Bass: The bass is definitely there and adds flavour to the listening experience. Although it's quite a low rumble, you can hear it well and certainly feel it without it encroaching on the mids. The drum hits are quite punchy, but not too much so. 

 

Mids: You can hear the singer's voice very well, somewhat textured. Overall, nothing special but a great experience. Then again, I'm not particularly trained. Piano comes out very clearly. 

 

High: Cymbals stand out in their natural sounding, er, sounds. Higher notes are clear, without distortion. Not the best song to talk about the amazing treble of these headphones.

 

That is my impression, in the end, the bass and treble really make these enjoyable with rock and even more so with bass heavy tunes. Please, experts, contribute. 

post #10 of 31

If you haven't looked at them yet, check out the SRH 750s. They're cheaper than the 840s (I got them for around 90 off ebay) and if you have budget of 200, you can get these and the M50s. Some people prefer the 750s over the 840s, I think they're a little different so it would be up to your individual taste. 

post #11 of 31
Quote:
Originally Posted by TheWuss View Post


short answer:  it doesn't

 

long answer:

it depends on what kind of sound you want.

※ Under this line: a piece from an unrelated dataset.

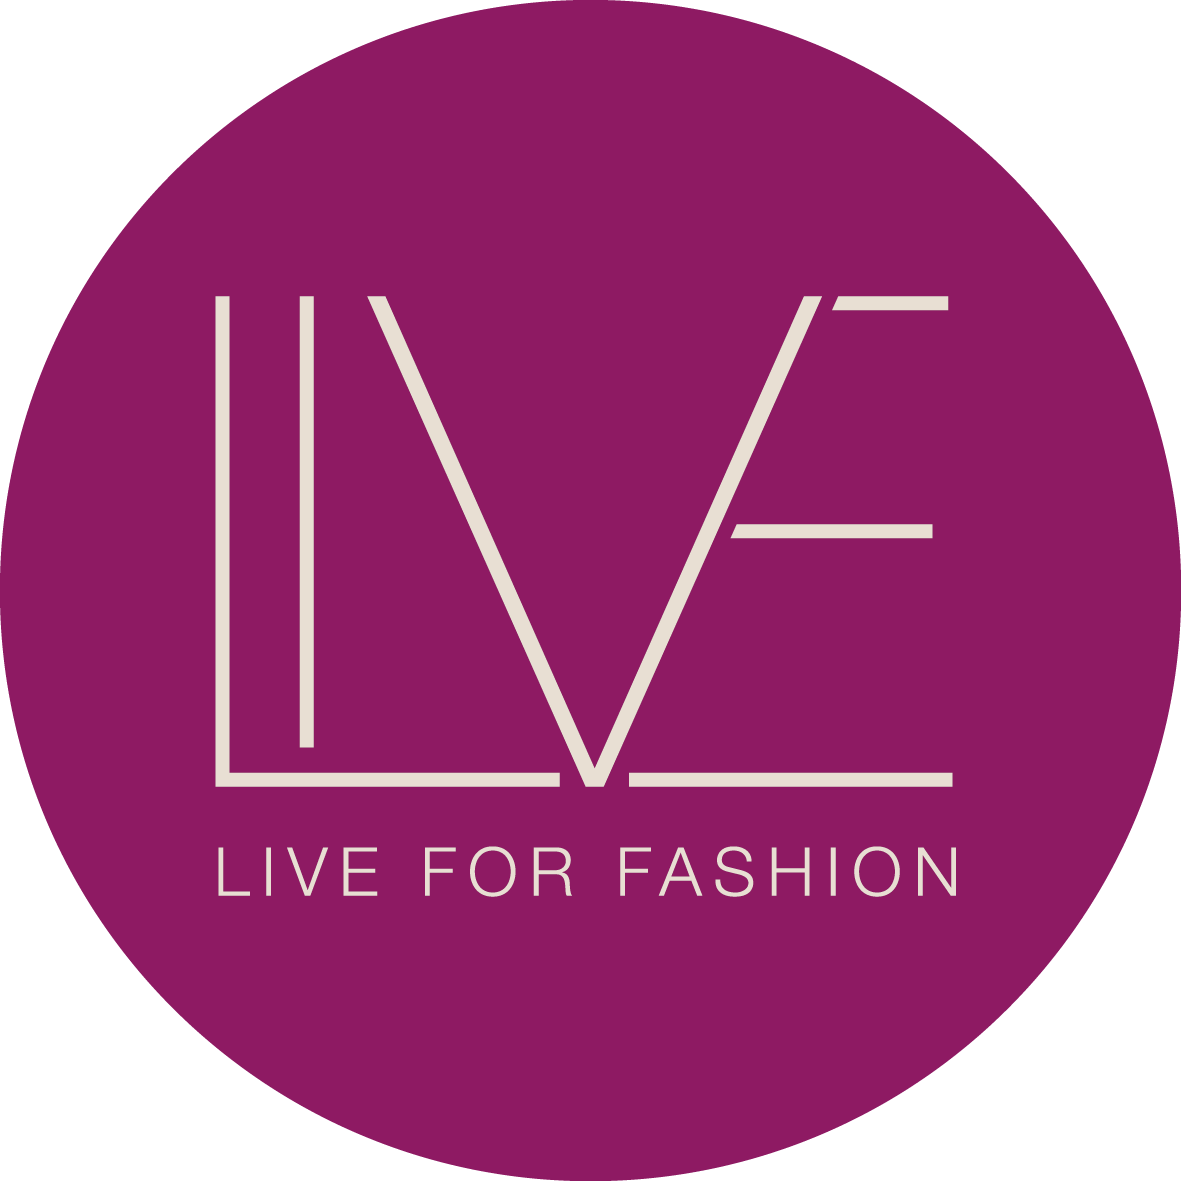 LIVE FOR FASHION

the dt990 is an acquired taste.  and the srh840 does very little technically "wrong".

but, the dt990 has never bored me once.  and the srh840 is borderline clinical sounding, to me at least.

 

besides them being closed and open, they are also low impedance (shures) and high impedance (beyers).  the beyers, i find, scale up with source and amp very well.  the shures continue to sound like themselves...

which tells me the beyers are a more enduring headphone in my collection.

 

hope that helps.
 


I am guessing by the terms you used you are in favor of the DT990? So they are more revealing of the source and are not boring. How do these do with hip hop, rap, or electronic music? I have read they have decent bass but do the powerful highs affect the overall sound? 

 

Also if you don't mind: How do the DT880's compare to the DT990's?

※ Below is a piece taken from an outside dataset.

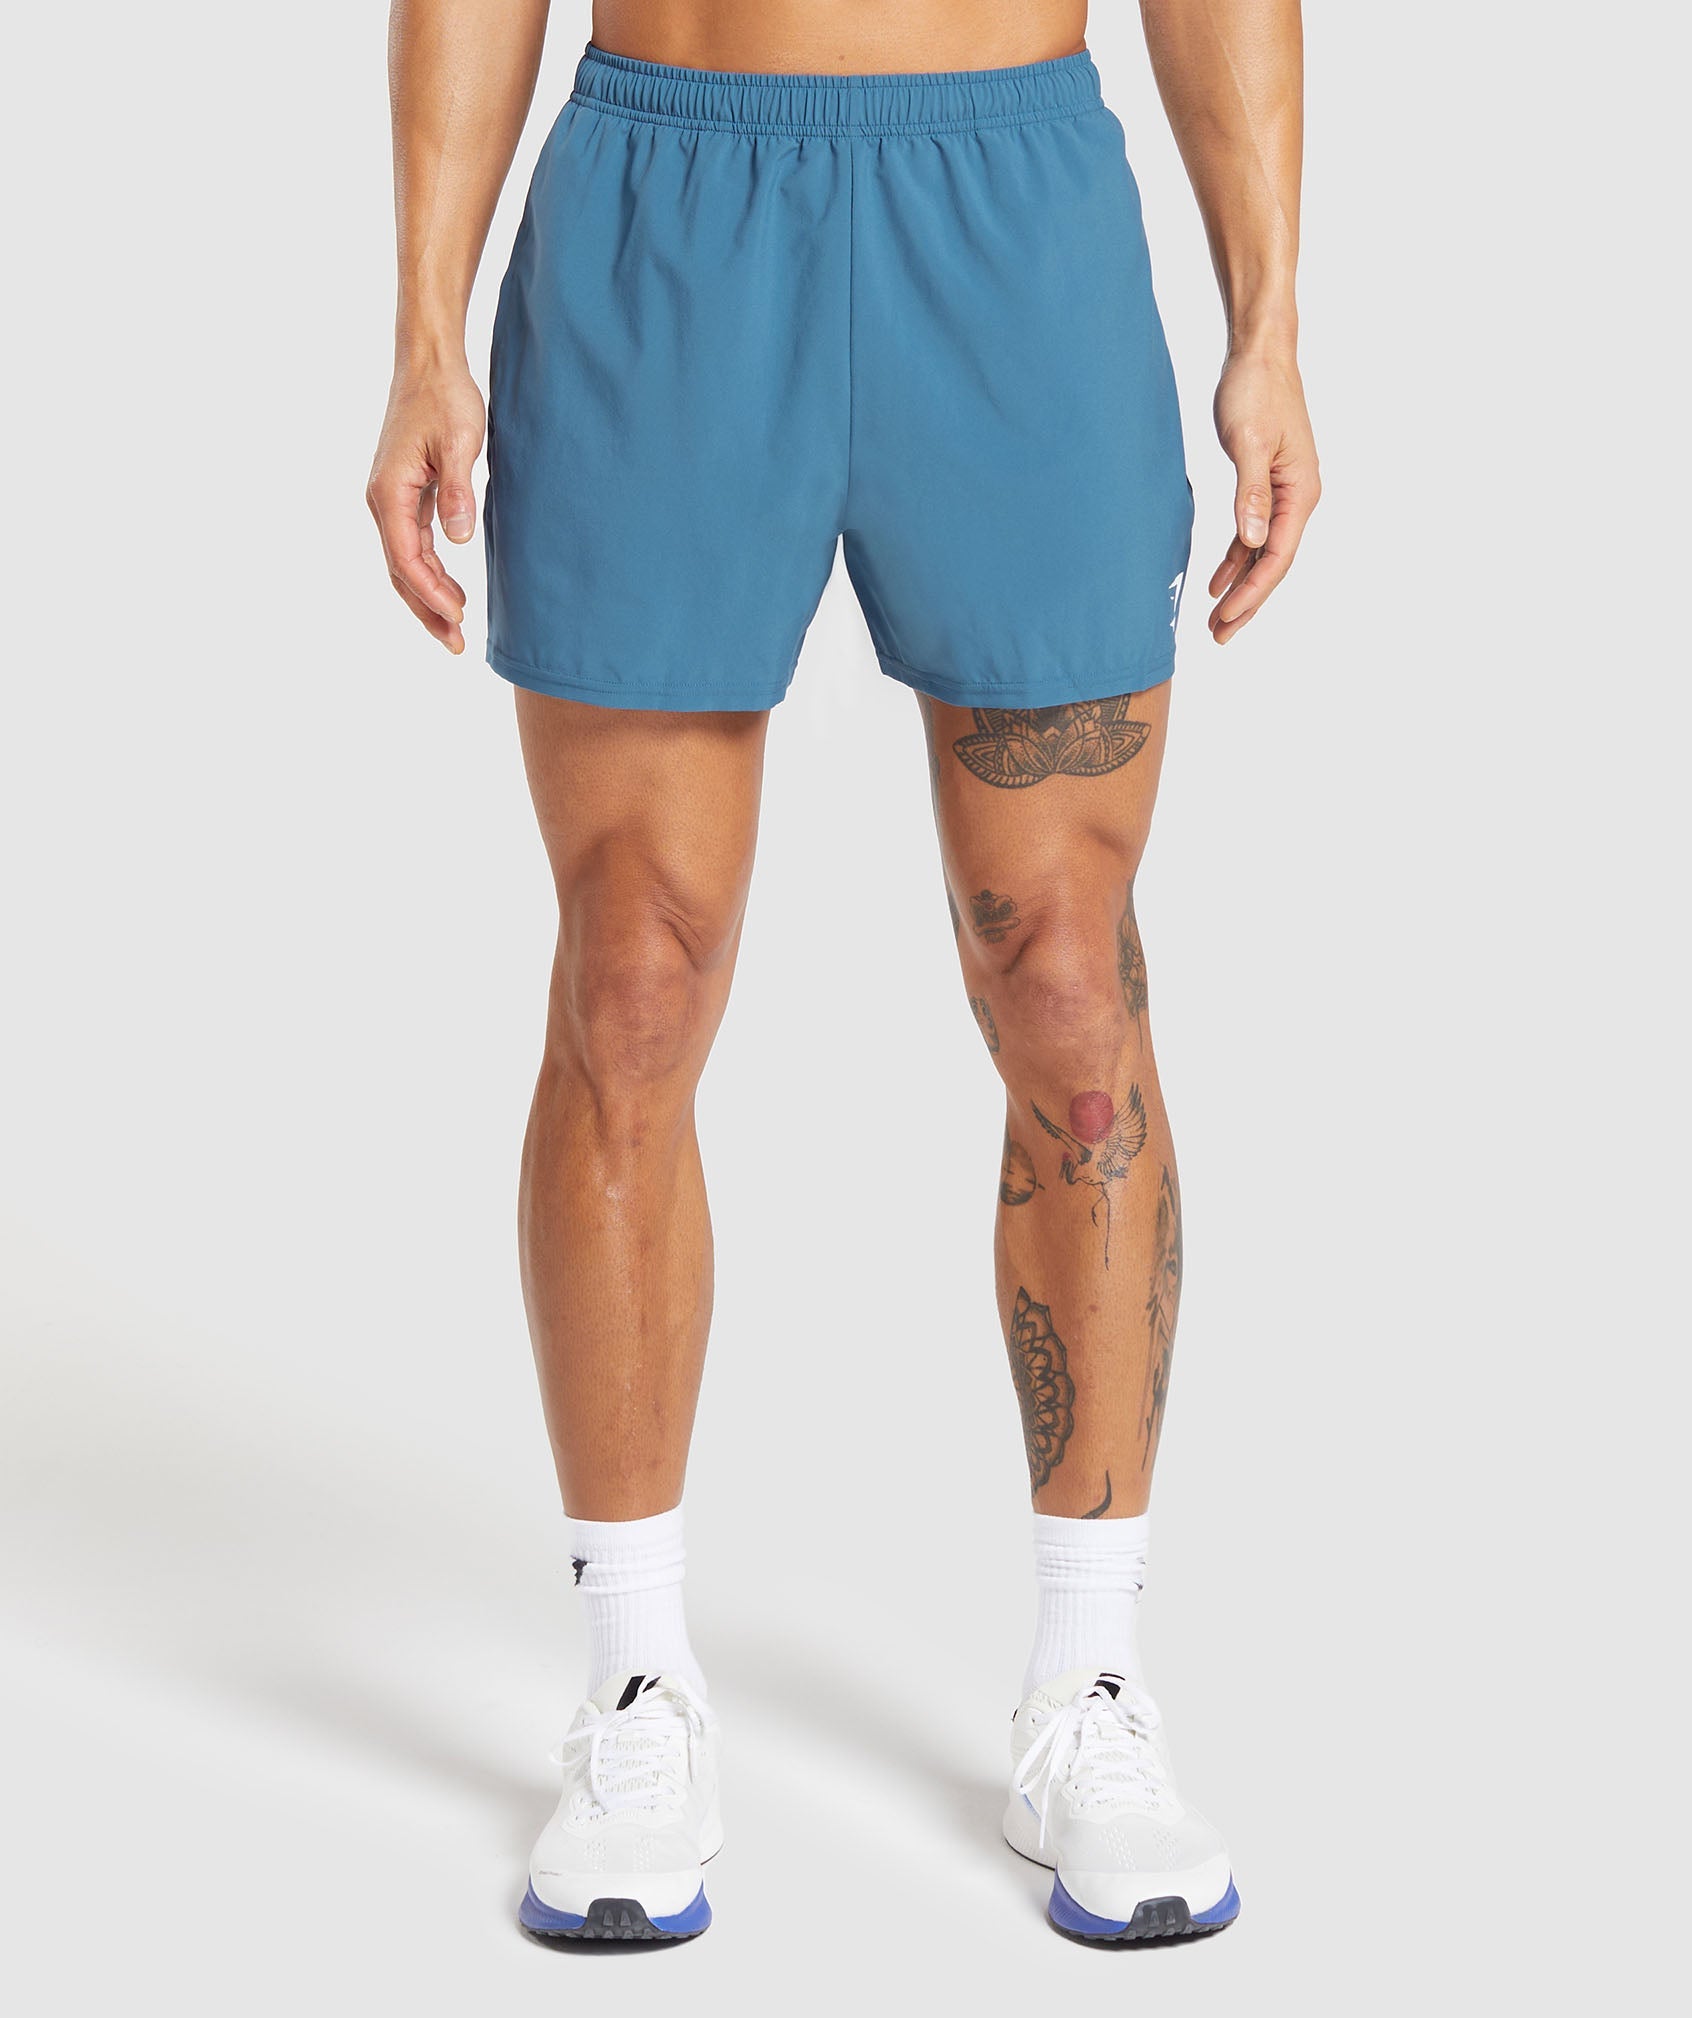 Arrival 5" Shorts in Utility Blue

Edited by mralexosborn - 8/22/10 at 6:31pm
post #12 of 31

heck...  if you're listening to rap and electronic, then why not just go for the M50 and save some dough?

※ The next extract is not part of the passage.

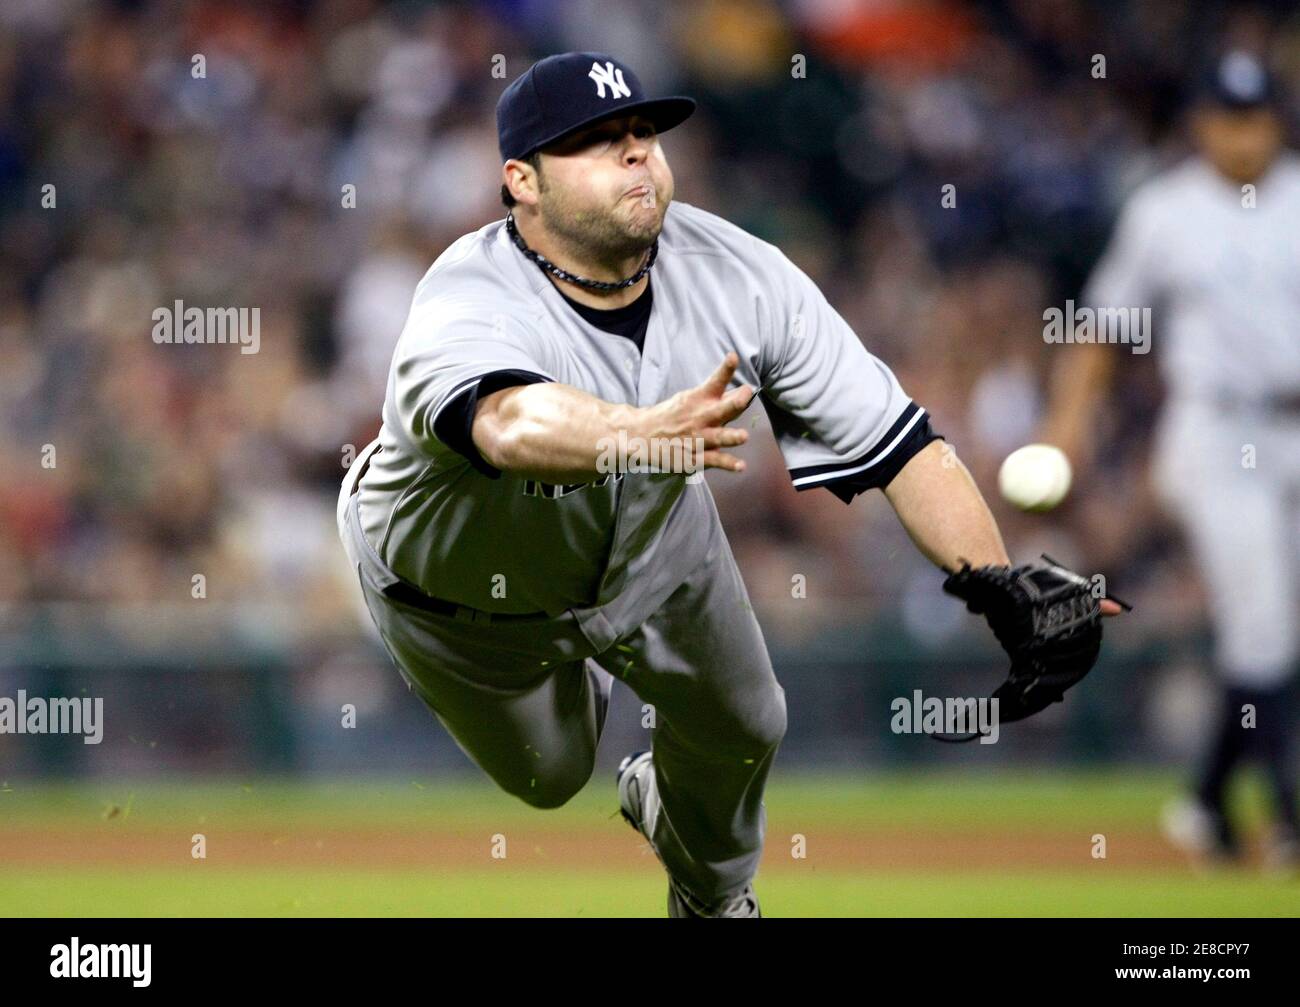 New York Yankees relief pitcher Joba Chamberlain is late on the throw to first after Detroit Tigers Austin Jackson singled to the pitcher during the eighth inning of game 2 of their double-header MLB baseball game in Detroit, Michigan May 12, 2010.  REUTERS/Rebecca Cook   (UNITED STATES - Tags: SPORT BASEBALL) Stock Photo

they're a great bargain...

i used to think the shure was slightly better.  but, now i'm not so "shure".  pun intended.

the m50 continues to surprise me, now that i've had it several months...

 

the dt880 vs. dt990 thing.  it's sort of  at this point. 

they are quite similar...

 

but i prefer the dt990.  it has more bass.

post #13 of 31

Bah, I am thinking what headphones to upgrade to after I get my MS1's . I am not so "Shure" about getting the Shure's or the M50. From what I have read the SRH840 is clinical sounding, and the M50 is just a FOTM and truly isn't that good. But I don't know. I heard Beyer's are good for the genres listed.

 

Good use of the .

post #14 of 31

Faced with the same choice, I got the M50 a few days ago, and the just sound amazing. I was used to a analytical sound from my IEMs, but my M50 has been even better. They really bring the music to life, and if you do the tape mod, the vocals get even better. At $110, I also saved a ton of dough and have no regrets about not picking the Shures, Beyers, or any others.

post #15 of 31
Quote:
Originally Posted by mralexosborn View Post

 the M50 is just a FOTM and truly isn't that good. But I don't know.


I think the M50 has been around long enough to avoid the FOTM moniker.